# Sighting in rifle



## guner (Sep 25, 2007)

So I got a new scope for my 30.06 and was wanting to take it somewhere to have them quickly 0 it in. I know in the past they have had people at Lee Kay that did this, I was told this was a concession and they didn't know when the guys would be there. I have been to Lee Kay 2 times and called 2 times and been told no one there. Does anyone know of anyone who does this or anywhere else to go ?

Thanks folks


----------



## DallanC (Jan 13, 2009)

Make sure its unloaded, remove the bolt. Prop it up on your kitchen table pointed towards something you can see through the bore 50 yards away (tree limb, bird-nest, whatever. Make sure it cannot move. Now with the object visible through the bore, adjust the scope WITHOUT MOVING THE RIFLE, so the crosshairs move over onto whatever it is you are seeing through the bore. This is a pretty accurate means of bore sighting and will get you pretty close when you do get to a range for shooting.

That's pretty much what Lee Kay guys do... fire one out of their rig, then move the crosshairs over onto where the bullet impacted.

-DallanC


----------



## Kevin D (Sep 15, 2007)

You don't need anybody to bore sight your rifle for you, do as DallanC described. It's convenient, it's easy, and it works remarkably well. A little fine tuning on targets and you're good to go.


----------



## Huge29 (Sep 17, 2007)

The difficult part is finding something to hold it without moving while adjusting


----------



## guner (Sep 25, 2007)

My thanks gentlemen I appreciate the info, I will try taking the leaf out of my kitchen table and put some towels to protect the gun and try pushing sides together like a big clamp!! Let you know how it goes.


----------



## Mavis13 (Oct 29, 2007)

DallanC said:


> Make sure its unloaded, remove the bolt. Prop it up on your kitchen table pointed towards something you can see through the bore 50 yards away (tree limb, bird-nest, whatever. Make sure it cannot move. Now with the object visible through the bore, adjust the scope WITHOUT MOVING THE RIFLE, so the crosshairs move over onto whatever it is you are seeing through the bore. This is a pretty accurate means of bore sighting and will get you pretty close when you do get to a range for shooting.
> 
> That's pretty much what Lee Kay guys do... fire one out of their rig, then move the crosshairs over onto where the bullet impacted.
> 
> -DallanC


That's the way I do it; except I use the vise in my garage. The table idea should work.


----------



## jungle (May 10, 2008)

Kitchen bore sight as described above. 

Then, you can set up on a target at 25 yards. 

Fire one shot. 

Multiply by four the number of inches are you off up and down. EX: 1 inch low and 1 inch left = adjust up 4 inches and adjust right 4 inches. 

Make the adjustments.

You are about 2.5 inches high at 100 and on at about 225 yard depending on your load.


----------



## Kevin D (Sep 15, 2007)

Huge29 said:


> The difficult part is finding something to hold it without moving while adjusting


While holding the rifle steady while you make adjustments to the scope does make it easier, it is not essential. Look down the bore, then look through the scope and adjust the crosshairs to try to bring the two in line. Set the rifle back down and repeat the process until the are in perfect alignment. It might take another adjustment or two, but couple of pillows are all that are really needed.


----------



## DallanC (Jan 13, 2009)

Yea holding the rifle steady can be tricky, I just toss on a bipod and prop the rear of the rifle up with a book or two. As Kevin stated, you can carefully align the bore and look through the scope, make adjustments and re-sight through the bore until you get it where you want it. It just takes a bit longer but no big deal. 
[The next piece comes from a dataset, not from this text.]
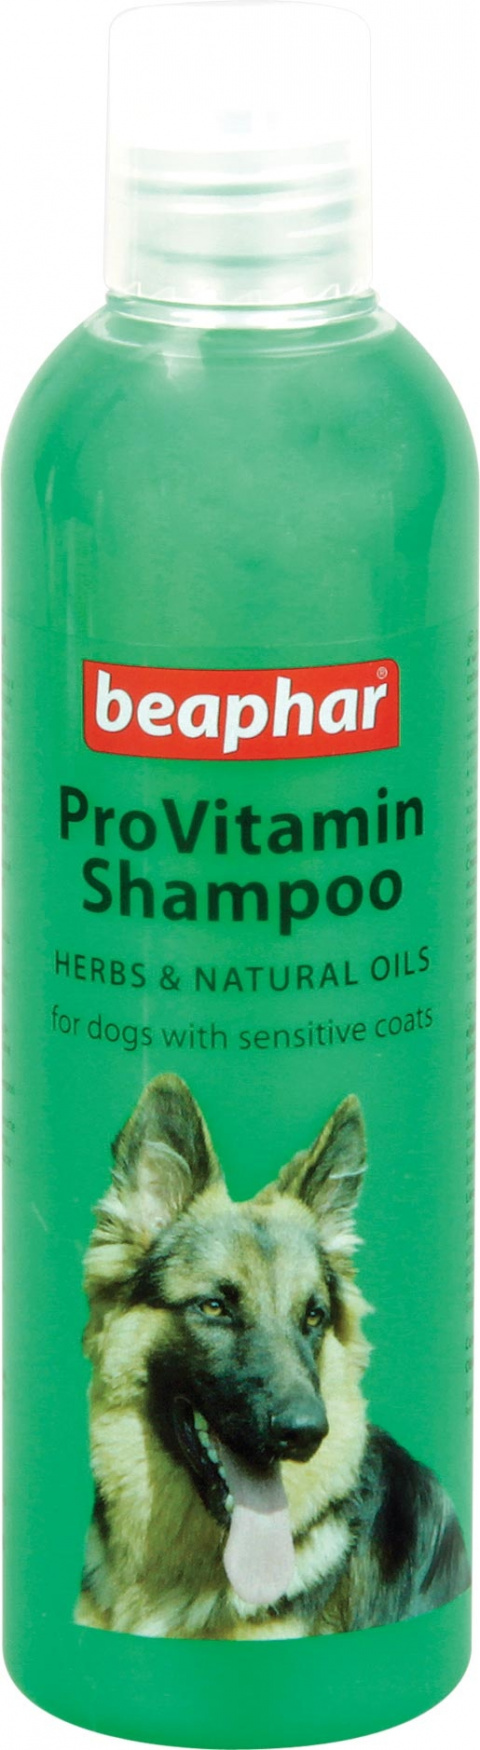 Шампунь для собак - Beaphar ProVitamin Shampoo Herbal, 250 мл title=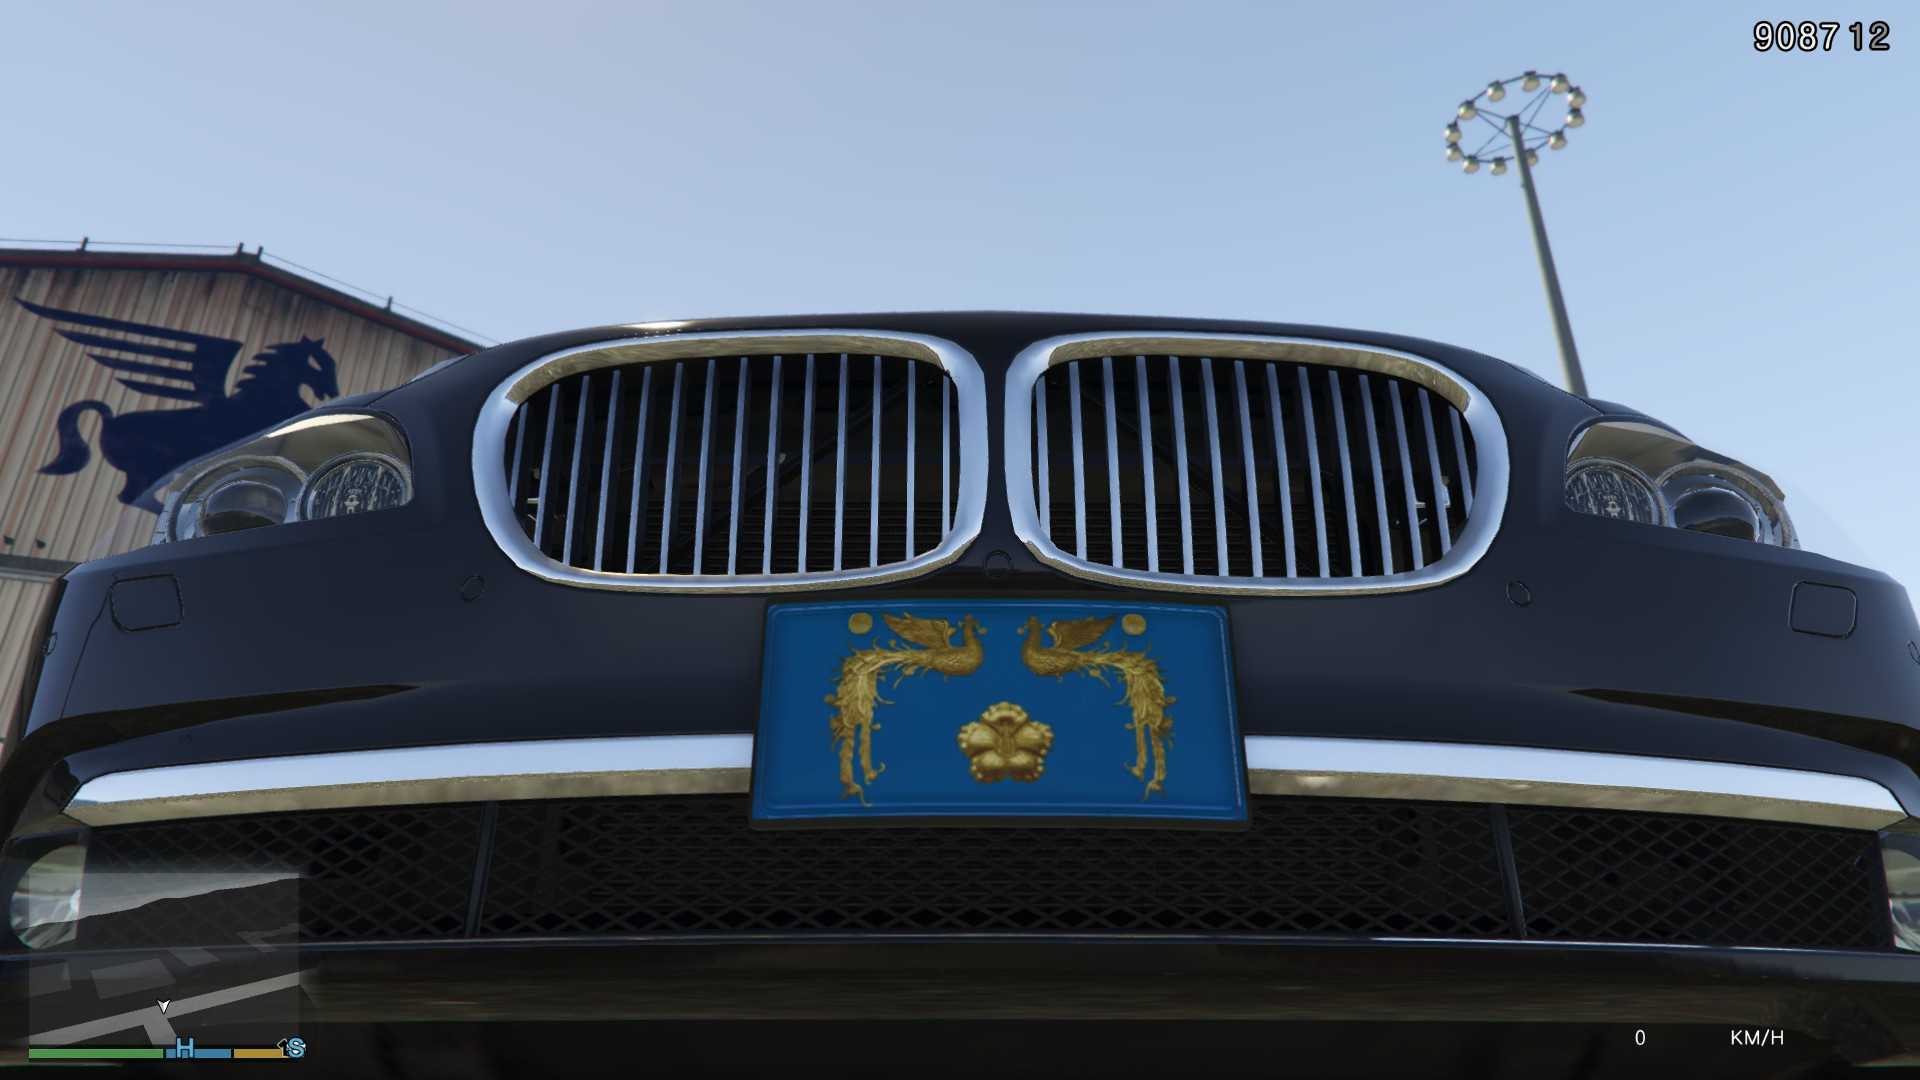 South Korea President Car Number Plate

On a side note, this is a good thing to remember in the field if a rifle ever gets dropped or stepped on... one can prop it up and quickly see if the bore and sights are still in alignment.


-DallanC


----------



## Bax* (Dec 14, 2008)

Dude, I will help you and teach you to do it yourself (for free). I have a Lead-Sled that you can use to keep the rifle nice and stable too.

Ok, I will charge you a Coke actually...


----------



## guner (Sep 25, 2007)

Bax its on !..... I would even get ya a 12 pack of Coke
No Pepsi though.... even gratitude has it's limits !!


----------



## Bax* (Dec 14, 2008)

guner said:


> Bax its on !..... I would even get ya a 12 pack of Coke
> No Pepsi though.... even gratitude has it's limits !!


Awesome! I dont like Pepsi anyways.

Shoot me a PM sometime and I will gladly take you out. Generally weekends work best for me


----------